In operation, a feed, such as a slurry or suspension having a
liquid component and solid components, is introduced into the
conveyor through feed ports 34 in the shaft 6. The housing 4 is
rotated by pulley 28 and sleeve shaft 26 at a sufficient speed so
that the feed will be thrown against the inner walls of the housing
4 by centrifugal force. At the same time the blades 8 and 10 are
rotated by the gears 14 and drive shaft 12 at a different speed
than that of the housing, e.g. the blades and shaft may make 79
revolutions per 80 revolutions of the housing. Thus there is
relative rotative motion between the blades 8 and 10 and the
housing 4 which causes the blades 8 and 10 of the conveyor 2 to
plow or to scrape solid particles toward the smaller end of housing
4 and the conveyor 2.
The feed 38 enters the conveyor shaft 6 through a pipe 36 and flows
radially outwardly through feed ports 34 near the center of the
conveyor. As the centrifuge rotates, at least the coarser solids
are settled to the side walls of the housing 4, and a bed 40 of
these solids builds up between these walls and the outer edges of
the blades 8 and 10. The fluid component 42 tends to flow into the
larger end of the conveyor, and out through fluid ports 44 in the
front outer sleeve shaft 26. A relatively dry beach 46 thus forms
at the smaller end of the conveyor 2. As more solid particles build
up on top of the bed 40, the blades 8 and 10 push them toward the
smaller end of the conveyor and out through solid ports 48 in the
housing 4.
Because the solids contained in the feed are often of an abrasive
character, the edges of the blades become worn. Such wear reduces
the conveyance capacity of the blades because the conveyance areas
of the blades are reduced and a greater clearance is left between
the housing 4 and the edges of the blades 8 and 10. Thus more of
the solids are left in the bed and less volume of solids can be
conveyed toward the solid ports because the areas of the blades are
reduced.
If blade wear progresses to an extreme degree, it is possible for
the bed 40 to become so thick at the region of maximum wear that it
may form a dam and may interfere with the flow of the liquid toward
the fluid discharge ports 44. When this happens, the dammed fluid
may be forced out of the solids ports 48, which is an extremely
undesirable consequence.
Blade wear is of further concern in connection with maintenance of
the machine. As shown in FIG. 6, the tip 50 of a blade may be
provided with hard surfacing 52. When the hardsurfacing is worn
away from the outer edge 53, the softer material in the tip 50
begins to wear. When this occurs, the blade is much harder to
repair.
It is therefore highly desirable to make frequent checks of blade
wear in order to determine or pre-determine when the blade needs to
be changed or repaired either to increase conveyance capacity or to
save the blade. This is much more easily done by means of the
present invention which eliminates the need for disassembling the
machine and makes possible measurements which are quite
accurate.
Referring to FIGS. 1, 2, and 3, the housing 4 is adapted to receive
either a measuring device or a plug. Housing 4 has a broad annular
rim 54 projecting circumferentially thereof from its outer surface
with radial bores 55 extending through the housing 4 and rim 54. A
cylindrical holder 56 is mounted in the housing 4 within each of
the bores 55 by suitable means such as welds 57. While it is
possible to practice the invention by providing a single holder, it
is preferable in a centrifuge or other machine requiring balance to
provide a plurality of holders equally spaced circumferentially of
the housing at a given location along its length, i.e., a given
distance from one end of the housing. It is also preferable, where
the conveyor has a plurality of blades, to make the number of
holders equal to the number of blades. In the example shown, there
are two blades 8 and 10. Blade 8 has an end 58 (dotted line)

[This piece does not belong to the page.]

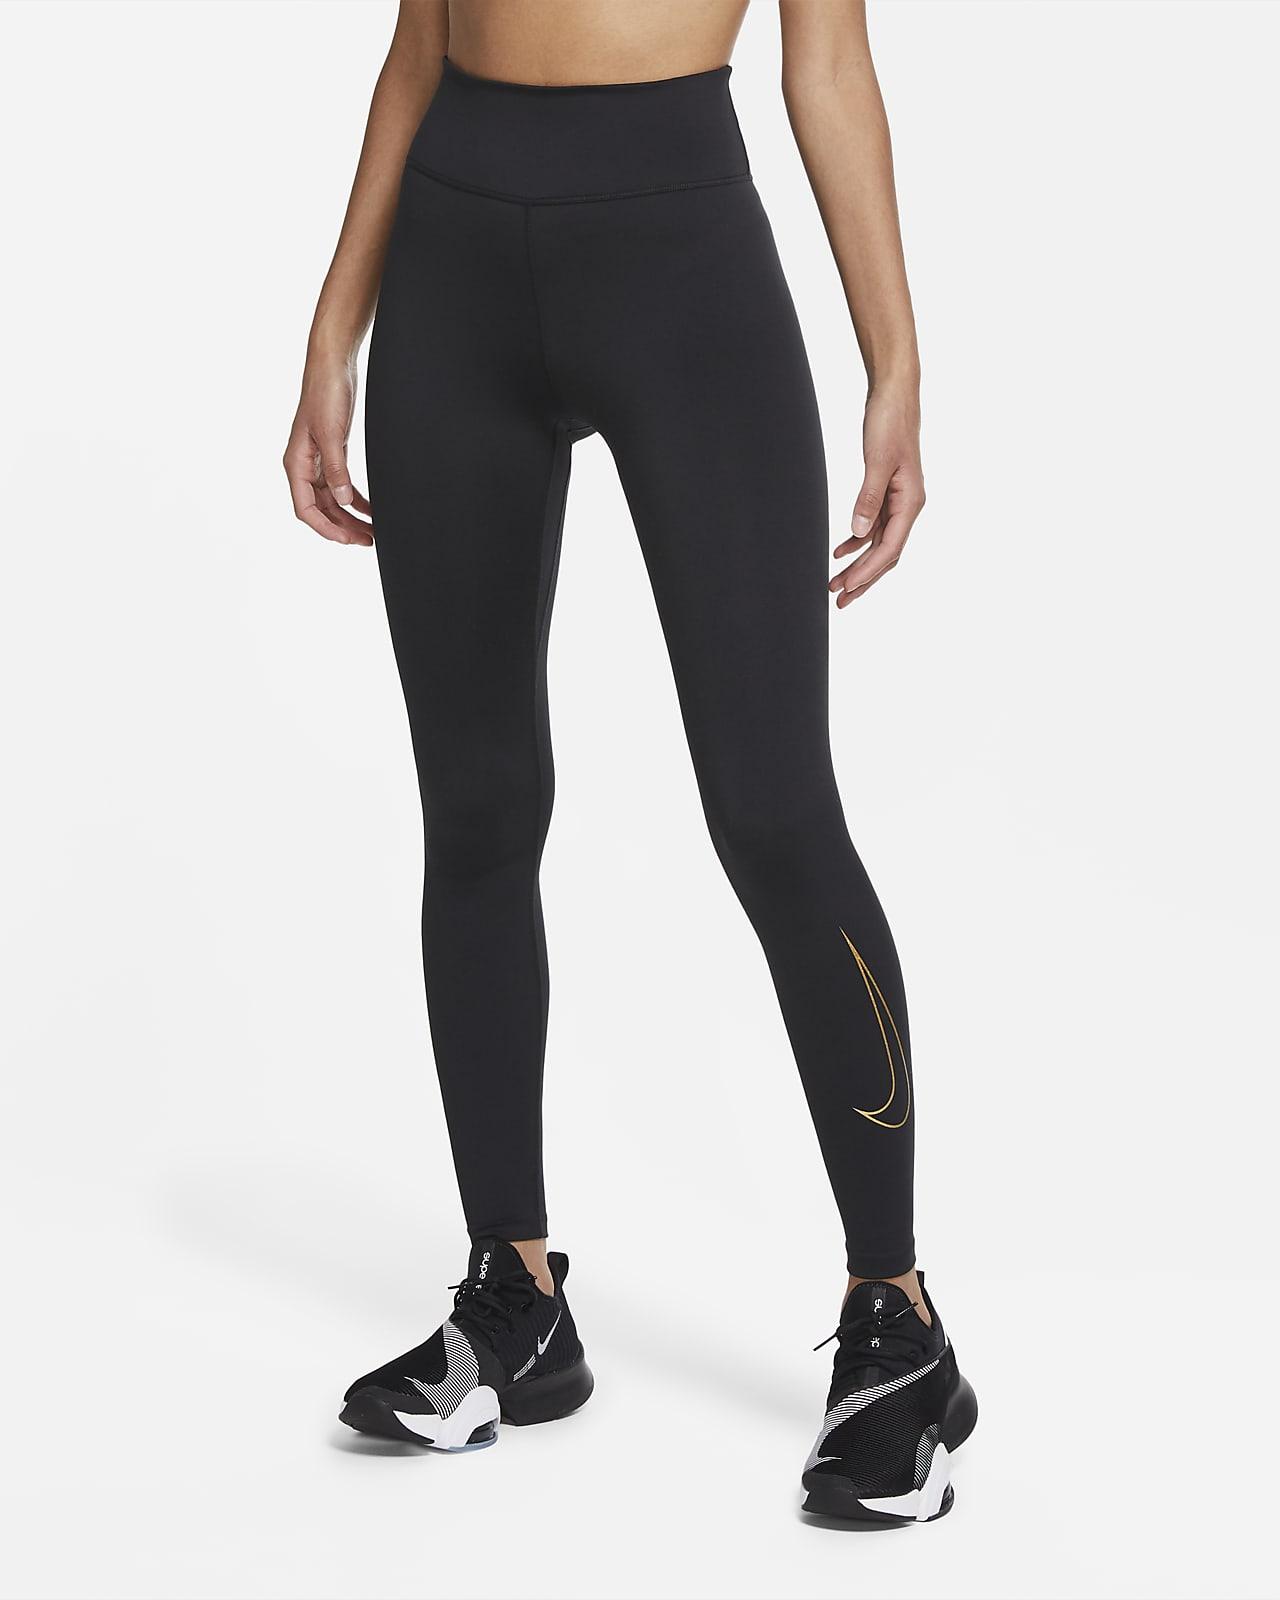 Nike One Icon Clash Women's Leggings
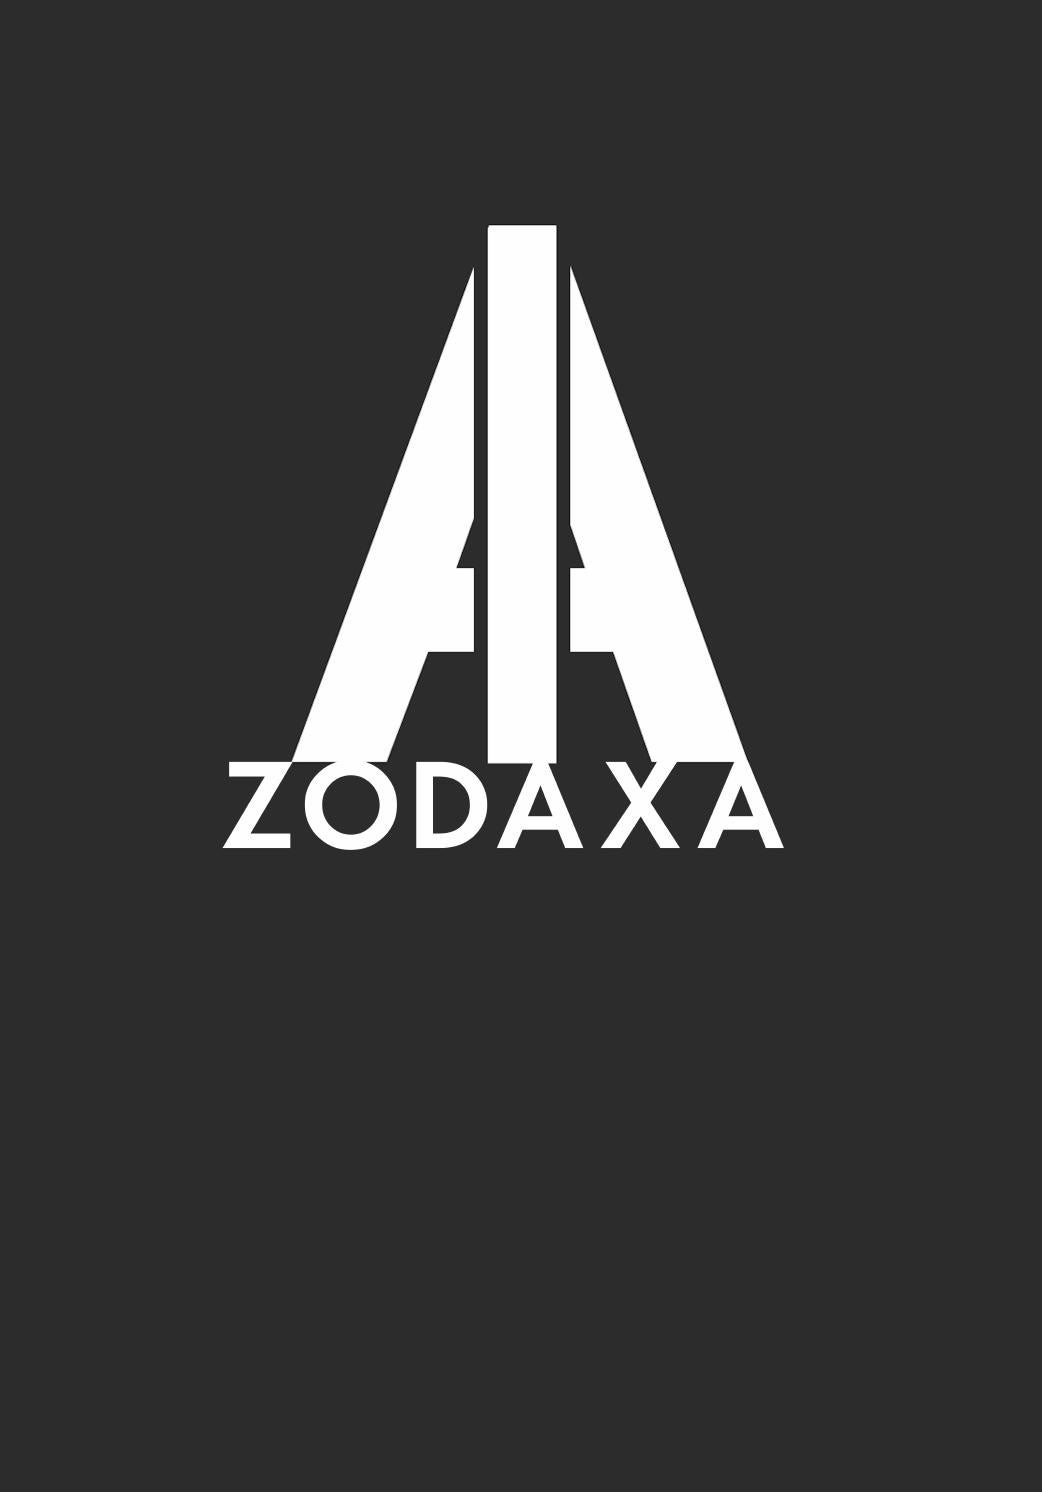 ZODAXA 1 by Ølîvër Tåd - issuu

located 180.degree. about shaft 6 from end 60 of blade 10. This
relationship is maintained throughout the lengths of the blades
since they are parallel. Therefore, when one of these blades has
its outer edge aligned with one of the two holders 56, the other
blade will have its edge aligned with the other holder 56 since
holders 56 are located at 180.degree. about the housing from each
other.
Each holder 56 has a central aperture 62 having a threaded portion
64 located radially outermost with respect to the conveyor and a
smooth inner portion 66 of smaller internal diameter than portion
64 and located radially innermost with respect to the conveyor. A
shoulder 68 is located between portions 64 and 66. Shoulder 68 can
be parallel to the conveyor axis as shown, or it can be parallel to
the housing 4 or disposed at any other angle to the conveyor axis
so that a measurement taken normal to shoulder 68 will be
proportional to the distance from the blade edge to the housing
normal to the housing. When the centrifuge is in use, plugs 74 stop
the apertures 62. Each plug 74 has a large externally threaded end
70 for engagement in portion 64 of aperture 62, a small smooth end
72 for engagement in portion 66, and a shoulder 73 for engagement
with shoulder 68. An Allen wrench socket 71 is provided in large
end 70 to accommodate an Allen wrench for screwing plug 74 into or
out of holder 56. A resilient annular O-ring 69 is placed in an
annular groove 67 in small end 72 for forming a seal. When suitable
housing materials and other housing strength requirements can be
met, the geometry of the internal shape of holders 56 can be
machined into the parent metal of the housing 4 and broad rim 54 so
that separate holders are not needed.
When a blade wear measurement is desired, the feed through pipe 36
is shut off. The conveyor continues to run for a time in order to
clear out most of the liquid and solids therein and is sometimes
flushed with a clean fluid. The machine is then stopped and the
plugs 74 are removed. The bed 40 (FIG. 2) of solids usually remains
between the edges of the blades 8 and 10 and the housing 4. Paths
are cleared through the bed 40 directly beneath the apertures 62.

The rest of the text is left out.